Before transitioning into conversations about solutions, Business for Water Stewardship’s (BWS) Colorado River Basin Director, Molly Mugglestone, spoke to the critical importance of rivers as an economic driver and communal gathering places. Citing numbers from an economic study conducted by BWS — she noted water-related recreation drives $18.8 billion annually in economic output for Colorado — and illustrated the extent to which declining flows and extreme drought hurt not only our industries, but the very way of life that Coloradans value. “We all gather and enjoy our rivers and did so even more during COVID. Families picnic, friends float and fish, we hike along the river banks- everyone regardless of socioeconomic status can access waterways in our state which makes them a critical resource we need to protect.” She highlighted research from Wallace J, Nichols in his book Blue Mind that shows “how being near, in, on or under water can make you happier, healthier, more connected and better at what you do.”
Working Toward Solutions
To conclude the discussion, Brian Jackon, western water senior manager at the Environmental Defense Fund, pivoted toward urgently needed actions and solutions identified by the coalition. Water, he said, is far too important to be left just to the experts — it demands collaboration across sectors and continued prioritization from both a policy and funding perspective.
He illustrated that “water wins” by citing successful initiatives such as the passage of Proposition DD, which legalized sports betting in 2019, allocating funds to the implementation of the state’s Water Plan, and the 2020 7A initiatives in the Left Hand St. Vrain Water Conservancy District and Colorado River Water and Conservancy District, increasing property taxes to fund regional water projects. These initiatives prove that Coloradans, when given the option, understand the importance of water conservation.

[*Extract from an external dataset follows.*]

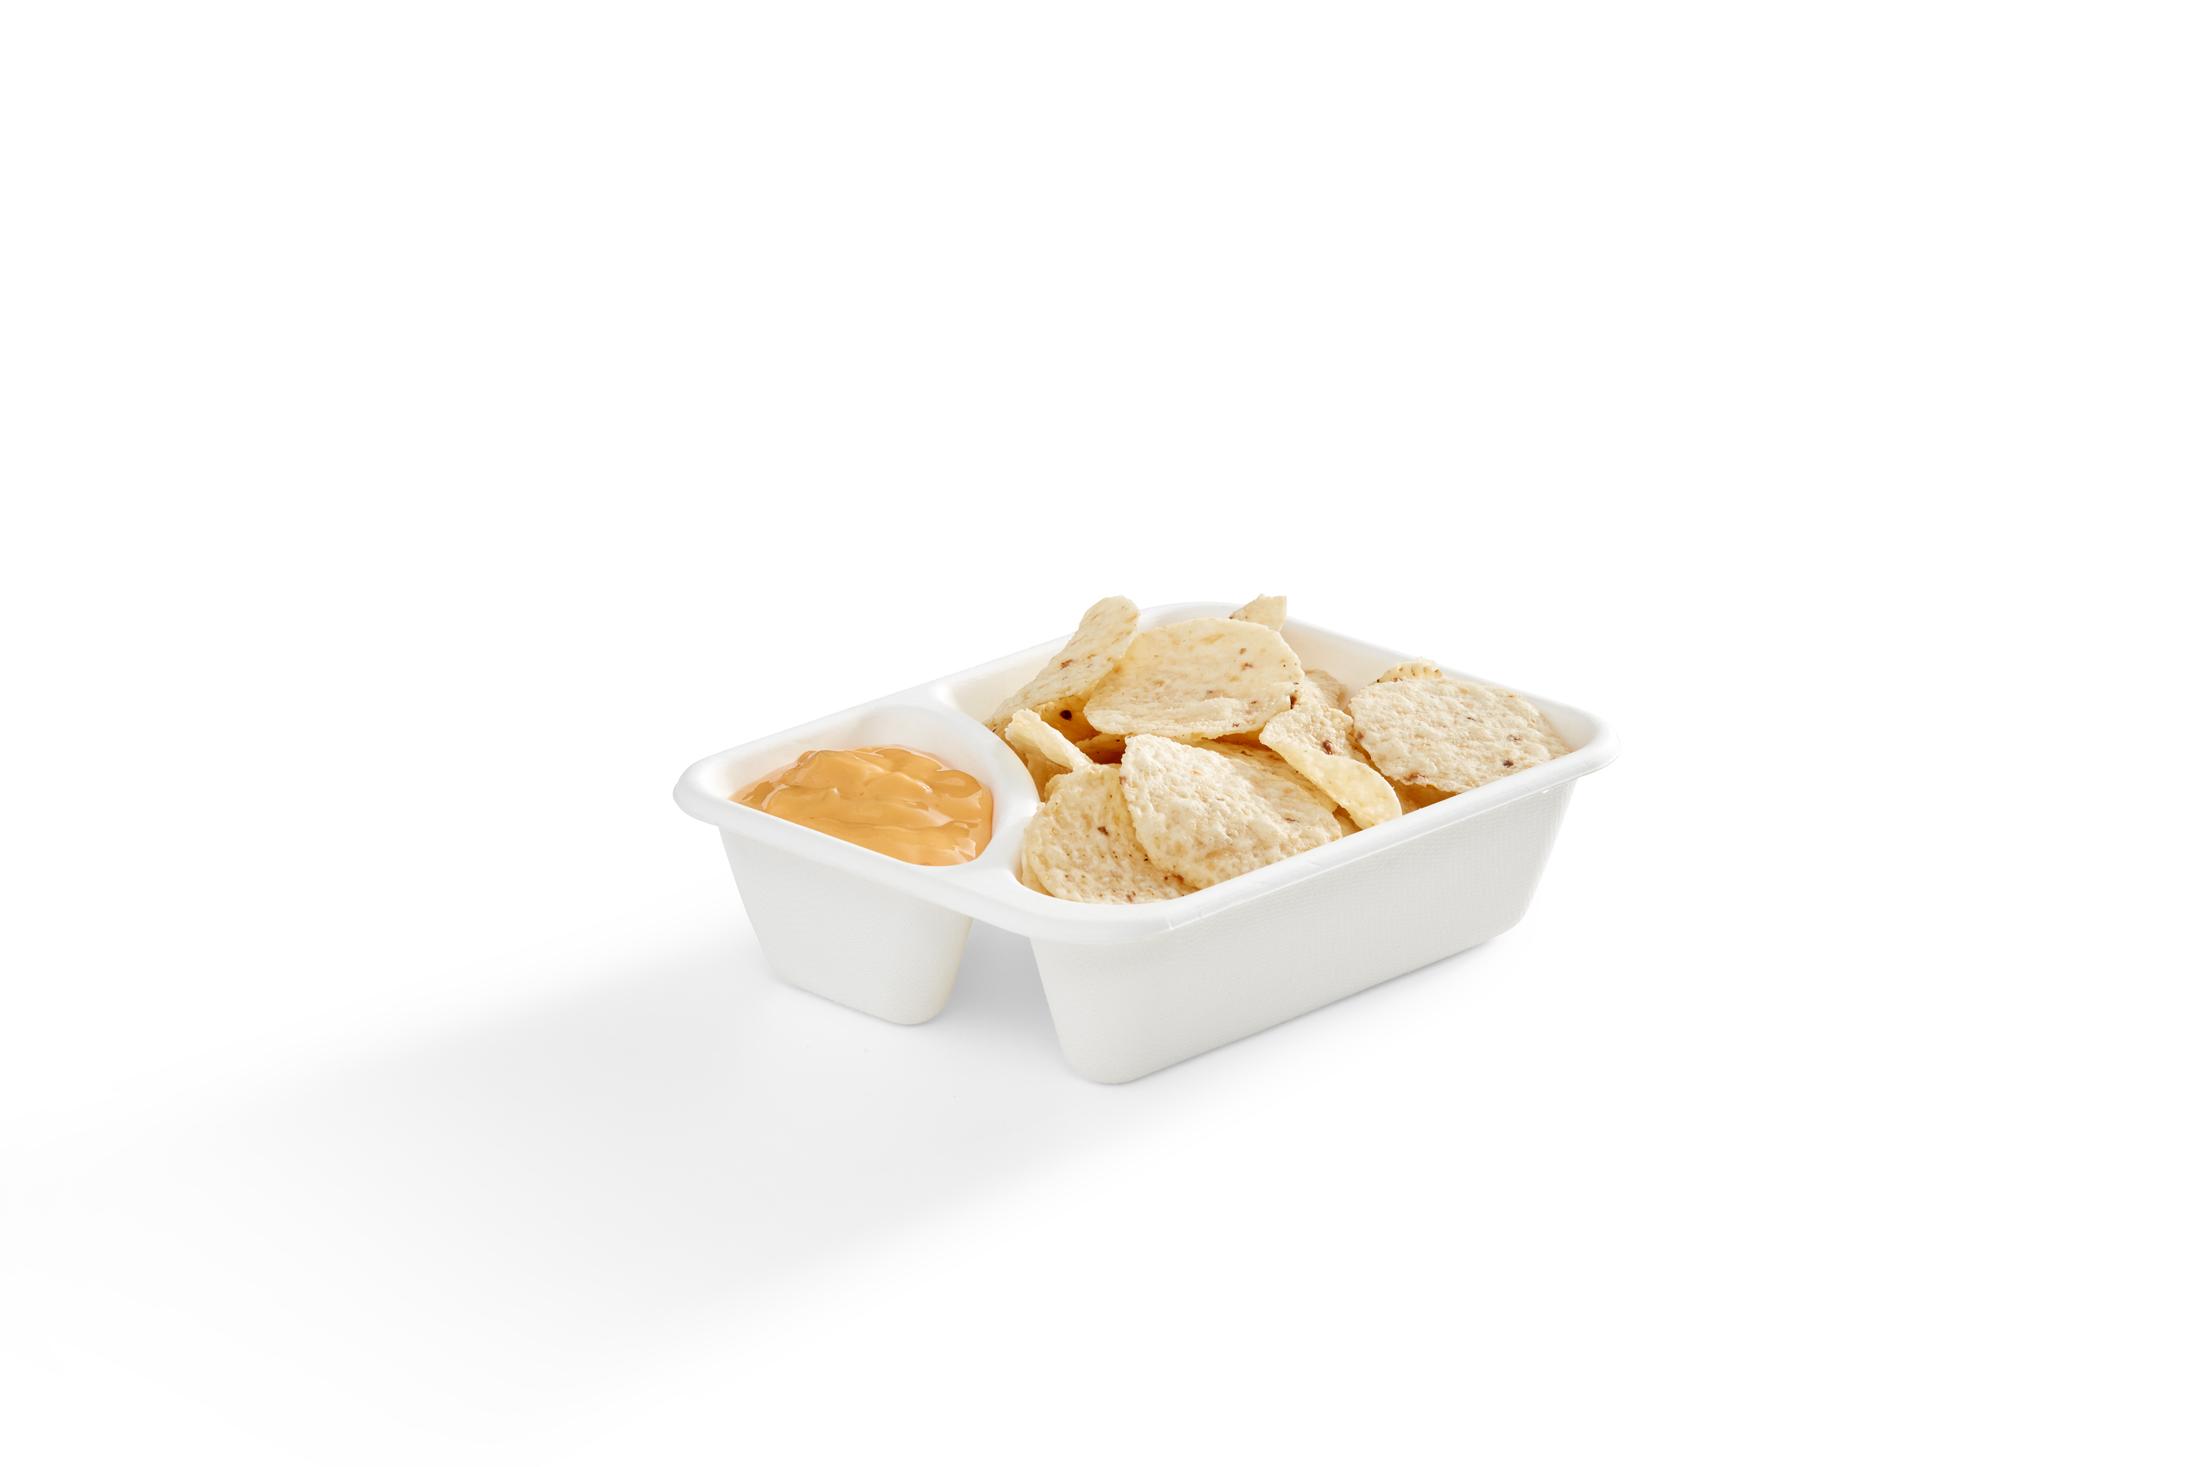 EG-NT-01-W-FOOD 2-Compartment Nacho Tray

A More Resilient Future for Colorado
Josh from Conservation Colorado concluded that while myriad specific policy recommendations can be made — and will be collaborated upon in the future — the core of what our state needs can be boiled down into four key categories: conservation, funding, keeping water in rivers, and increased flexibility in management approaches. The coalition reminded legislators that climate leadership is water leadership and called on legislators to prioritize capturing once in a generation federal funding to help conserve more water and restore or maintain healthy flowing rivers. These federal dollars can, and should be spent toward implementation of an updated state Water Plan (due at the end of 2022), that meets the moment and is inclusive of all Coloradans. If we can take these steps, we’ll be putting Colorado on a path that supports rivers and increases our state’s resilience to climate change and drought.

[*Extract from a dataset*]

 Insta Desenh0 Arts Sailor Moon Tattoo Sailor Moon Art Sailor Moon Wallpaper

Water connects all of us. This gathering was one of many conversations Water for Colorado plans to have with state decision-makers around water and rivers and their critical importance to our state’s way of life and economic security. We hope that our coalition remains a resource for anyone interested in understanding more about the way Western water is managed, and how we can increase resilience and flexibility through projects, funding, and policy. You can always reach out, we want to work together — progress will only be made through mutual understanding and commitment to collaborative action.